Model Service Documentation¶

Overview¶

Model Service is a Helm based deployment framework for serving ML models on Kubernetes with Ray Serve.

Problem solved: turn Python model code into stable HTTP endpoints that can batch requests, scale replicas, and run on CPU or GPU workers.

Use this documentation when:

Depending on your goal, you will either run a pre-built model or deploy a custom model:

Run an existing model If the model you need is already in Available Models, you just install the Helm chart. Action: Go to Quick Start.
Deploy a new model If you're bringing a new ML architecture, follow the Deployment Guide which will guide you through the entire flow: Python implementation, Helm config, and deployment.

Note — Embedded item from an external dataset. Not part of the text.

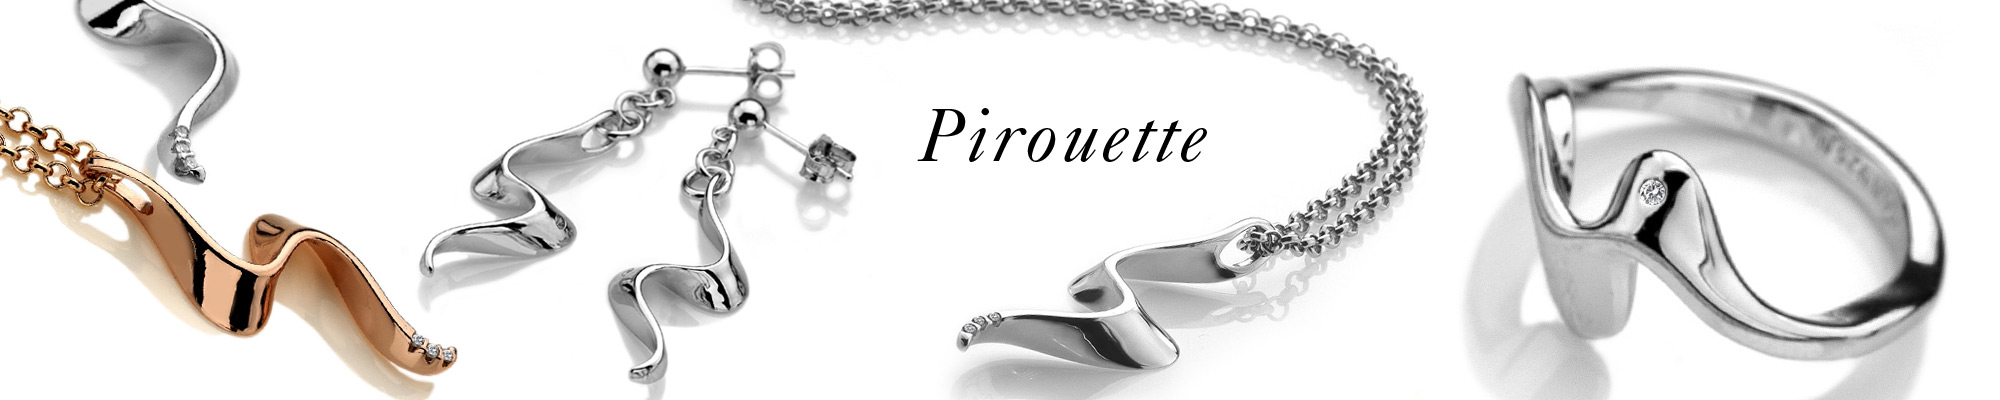 Piroutte

If the model is already implemented and you just need to spin it up on the cluster.

If you are bringing a new ML architecture and need to write a custom Ray Serve application.

Step 1: Prepare Python Entrypoint → this will point you to Adding New Models
Step 2–6: Return to Deployment Guide for Helm config and deployment
Optimization Guide (optional, for tuning performance)
Troubleshooting (if anything goes wrong)

Available Models: list of pre-configured models with endpoints and SDK patterns.

Use a dedicated test release name (for example rayservice-model-<test>) while experimenting.
Keep default worker profiles unless you need specific hardware or scheduling behavior.
Tune application/deployment settings first, worker templates second.

RayService: KubeRay custom resource managing a Ray cluster plus Serve applications.
Deployment (Ray Serve): scalable unit running one part of model code.
Replica: one running instance of a deployment.
Worker group: pool of Ray worker pods with its own resource profile.